JPS6326064A - Color image reader - Google Patents

Abstract

PURPOSE:To prevent color smear by inserting a lenticular plate in which the direction of arrangement of element lenses conforms with the direction of arrangement of photodetectors in the plate of incidence of light of a color image pickup element in which photodetectors are arranged one-dimensionally, and making the amount of blur due to the lenticular plate become larger than the pitch of each color filter. CONSTITUTION:Element lenses of a lenticular plate 6 are arranged in the same direction with the direction of arrangement of the photodetectors of a color image pickup element 7. In the case of an optical system in which the incident light 10 reflected from an original forms an image at a point P on the color image pickup element 7, when the lenticular plate 6 is inserted, a luminous flux 10 is divided to each element of the lenticular plate 6 and each small luminous flux forms an image at the point P and further is diverged to spread over an area A on the color image pickup element 7, and blur is caused at the image forming point P. The amount of blurring amount DELTAbecomes equal in primary approximation in each element lens of the lenticular plate 6. If the blurring amount DELTA is larger than the pitch (d) of each color filter, luminous flux emitted from the same point on the original enters photodetectors having color filters of three colors R, G, B simultaneously, and thereby the color smear is prevented.

Description

DETAILED DESCRIPTION OF THE INVENTION (Field of Industrial Application) The present invention relates to a color image reading device, and particularly relates to a color image reading device in which a plurality of light-receiving elements are arranged in one dimension and color filters are sequentially arranged on each light-receiving element. The present invention relates to a color image reading device using a color image sensor formed in this manner.

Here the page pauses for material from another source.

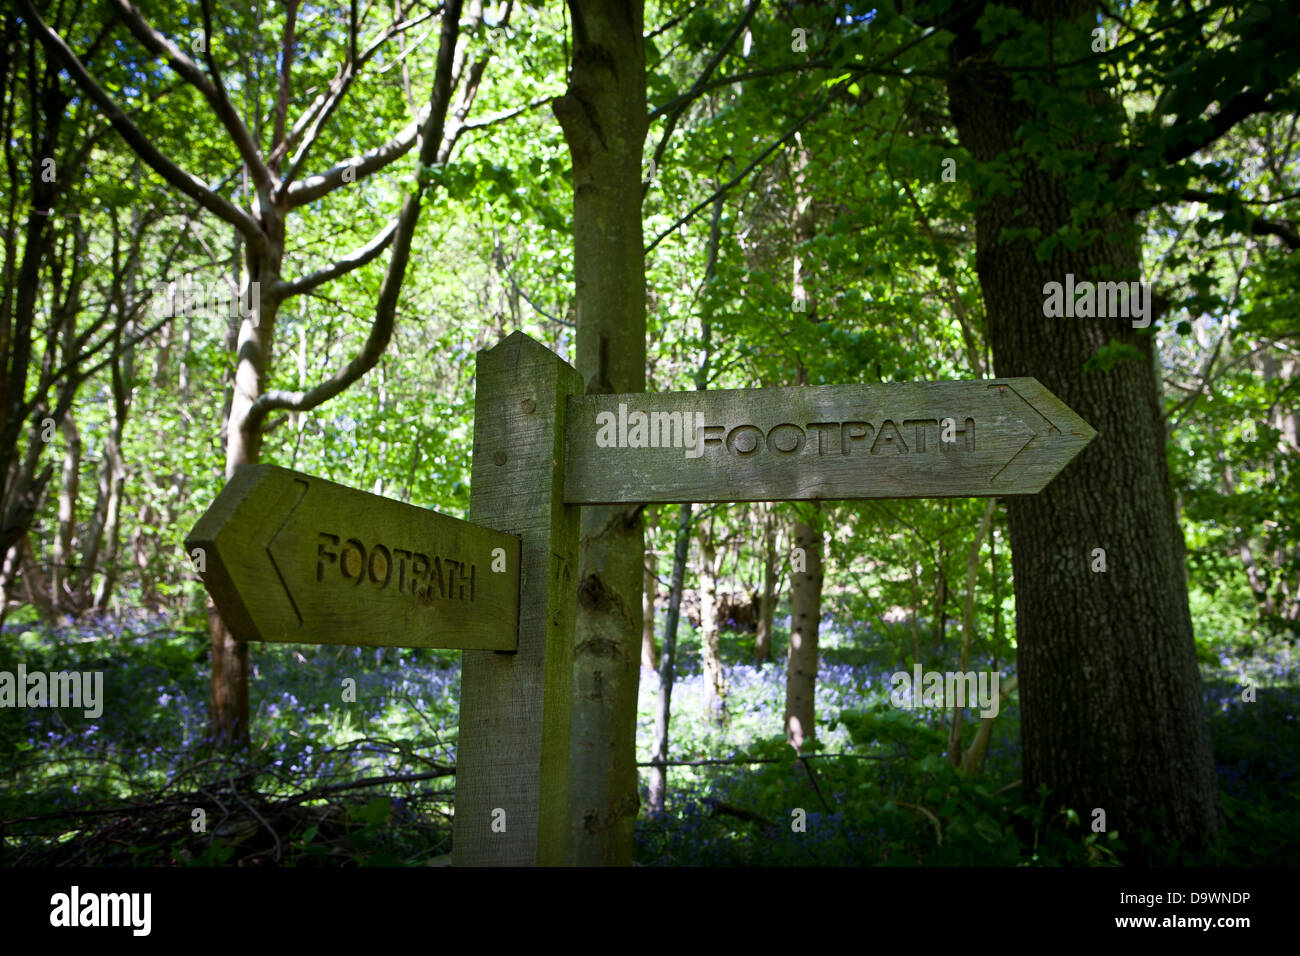 Public Footpath sign in a bluebell wood in dappled light Stock Photo

(Prior Art) As shown in FIG. 6, a conventional color image sensor has light receiving elements arranged in a row with red (R) and H (
It is formed by installing color filters of G) and blue (B) at a pitch of d.

Since this color image sensor has a tj4 structure in which rectangular photosensitive pixels and color filters are arranged in the X direction, there is a problem in that color shift occurs in the X and Y directions.

In order to solve this problem, Japanese Patent Application Laid-Open No. 59-181568
A color image sensor as described in the publication was proposed. As shown in Fig. 7, this color image sensor has color filters of the same shape arranged on a parallelogram photosensitive image at a pitch d in the X direction, and in both the X and Y directions. It has the advantage that only 1 color shift occurs.

(Problems to be Solved by the Invention) However, the color imaging device described above has a problem in that color blur occurs in a direction perpendicular to the oblique side of the parallelogram-shaped color filter, that is, in the W direction. There was also the problem that moiré occurred due to the sampling of the color image sensor.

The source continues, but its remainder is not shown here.